Do you own Canon kit?
These benefits apply to all RF lenses. In addition, if you compare some of our RF lenses to their EF counterparts, you'll discover key differences that set them apart. Let's look at some of these in detail.
RF vs EF lenses: fast-aperture 35mm lenses
Let's compare the Canon RF 35mm F1.8 Macro IS STM lens with the EF 35mm f/1.4L IS II USM. This might sound like an unfair comparison, since the EF lens is an L-series lens with a faster aperture and weather sealed design, but the RF version has some tricks up its sleeve that make it a serious lens to consider. With a built-in 5-stop Image Stabilizer and half-life-size macro function, at half the weight and 60% of the size of the EF lens, the RF lens has many benefits to offset the EF lens's advantage of an additional 2/3 of a stop in brightness. Of course, the RF lens does have one major advantage that will appeal to anyone looking at these two lenses: a considerably lower price.
RF vs EF lenses: 50mm lenses
The 50mm lens has been the standard lens for over a century thanks to its natural perspective and magnification. It also generally offers the double benefits of excellent optical performance and fast aperture – and in the case of the EF 50mm f/1.8 STM lens, a reasonable price. So let's start there with the f/1.8 version. These lenses are often the gateway lenses to elevate your photography to another level due to their quality and the control they give you over depth of field. The EF 50mm f/1.8 STM lens in various forms has existed since the dawn of the EOS system, so the optical deign has been refined over decades to produce compact, high-performance lenses at a low cost.

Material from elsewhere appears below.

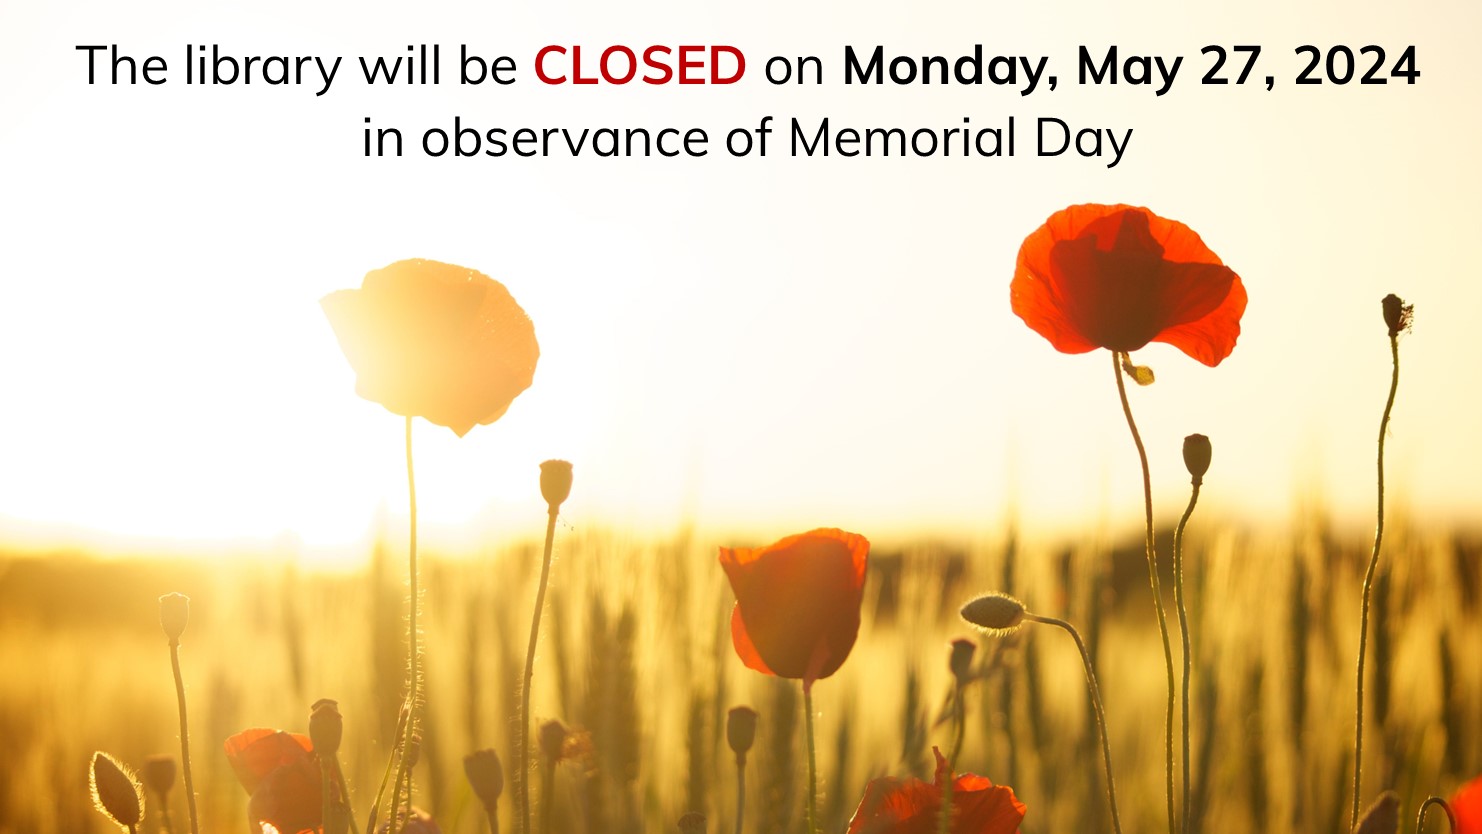 The library will be closed on Monday, May 27, 2024 in observance of Memorial Day
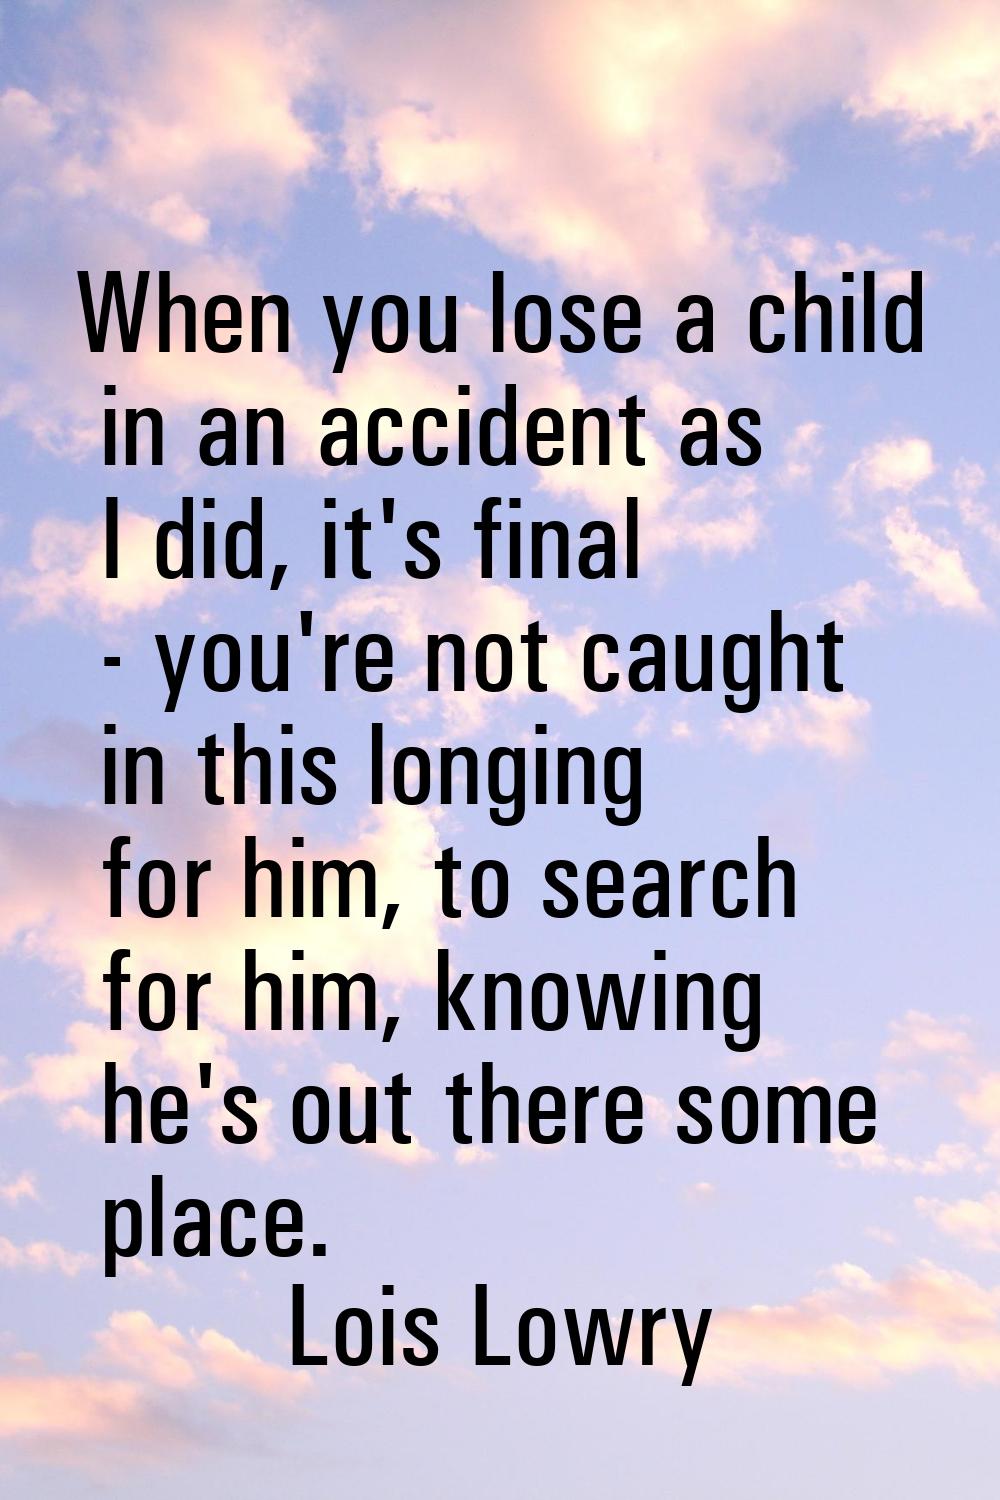 When you lose a child in an accident as I did, it's final - you're not caught in this longing for h

For the RF version the Canon designers faced the challenge that users want a 50mm RF lens to be a similar size to the existing EF lenses. But with the short flange back, a standard optical design would result in a lens that was larger. A redesigned optical formula was needed. So, Canon engineers set to work and created the RF 50mm F1.8 STM lens, which is only 1mm longer than the EF 50mm f/1.8 STM lens.
Designing the RF lens also provided opportunities to combat optical aberrations, by including a newly designed PMO (plastic moulded) aspherical lens element that improved the image quality edge to edge compared to the EF counterpart. Coupled with the previously mentioned RF lens benefits and closer focusing distance, this means the RF lens is worth upgrading to.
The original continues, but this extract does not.